1. Tier guard: tier!=1 (O2/O3 only)
These passes are present in sub_12DE8F0 but skip when tier==1 (O1):
| Pass | Factory | Effect of skipping at O1 |
|---|---|---|
| SimplifyCFG | sub_190BB10(1,0) | No inter-tier CFG cleanup |
| LoopIndexSplit | sub_1952F90(-1) | No inter-tier loop splitting |
| NVVMVerifier (post-split) | sub_12D4560() | No verification after split |
| Sink | sub_1869C50(1,0,1) | No inter-tier instruction sinking |
| LoopVectorize/SLP (1st call) | sub_19B73C0(tier,...) | No aggressive vectorization |
At O1, the base pipeline (Tier 0) already includes one instance of LoopVectorize with sub_19B73C0(2,-1,-1,-1,-1,-1,-1) -- width 2, all thresholds at -1 (unlimited). The tier!=1 guard blocks a SECOND, more aggressive vectorization pass with SM-dependent parameters.
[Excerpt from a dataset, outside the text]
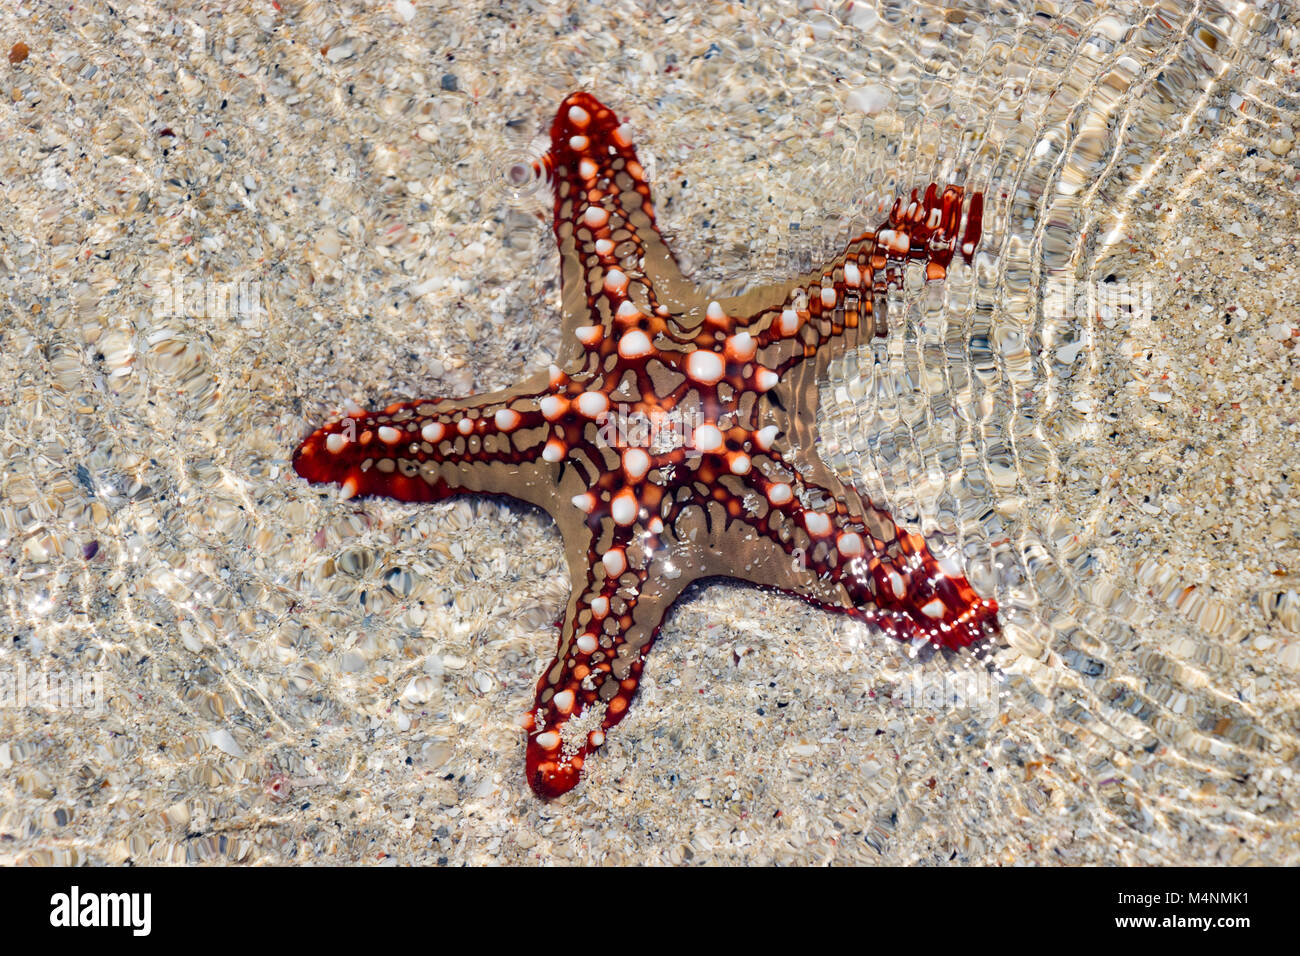 Colorful African red knob sea star or starfish in shallow water Stock Photo

2. Tier guard: tier==3 (O3 only)
These passes run exclusively at O3:
| Pass | Factory | Purpose |
|---|---|---|
| TailCallElim | sub_1833EB0(3) | Additional tail call optimization pass |
| NVVMReflect (late) | sub_1857160() | Second-round __nvvm_reflect resolution |
| NVVMLateOpt | sub_1C46000() | O3-exclusive NVIDIA custom late optimization |
sub_1C46000 (NVVMLateOpt) is the most significant O3-exclusive pass. It runs only when !opts[360] (not disabled) and only at tier==3. This is a dedicated NVIDIA optimization pass that performs additional transformations after the main pipeline is complete.
3. Feature flag qword_4FBB370 escalation
When tier==3 and qword_4FBB370 byte4 is 0, the function sets qword_4FBB370 = 6 (binary 110). This enables two feature gates:
- Advanced barrier optimization (bit 1)
- Memory space optimization extensions (bit 2)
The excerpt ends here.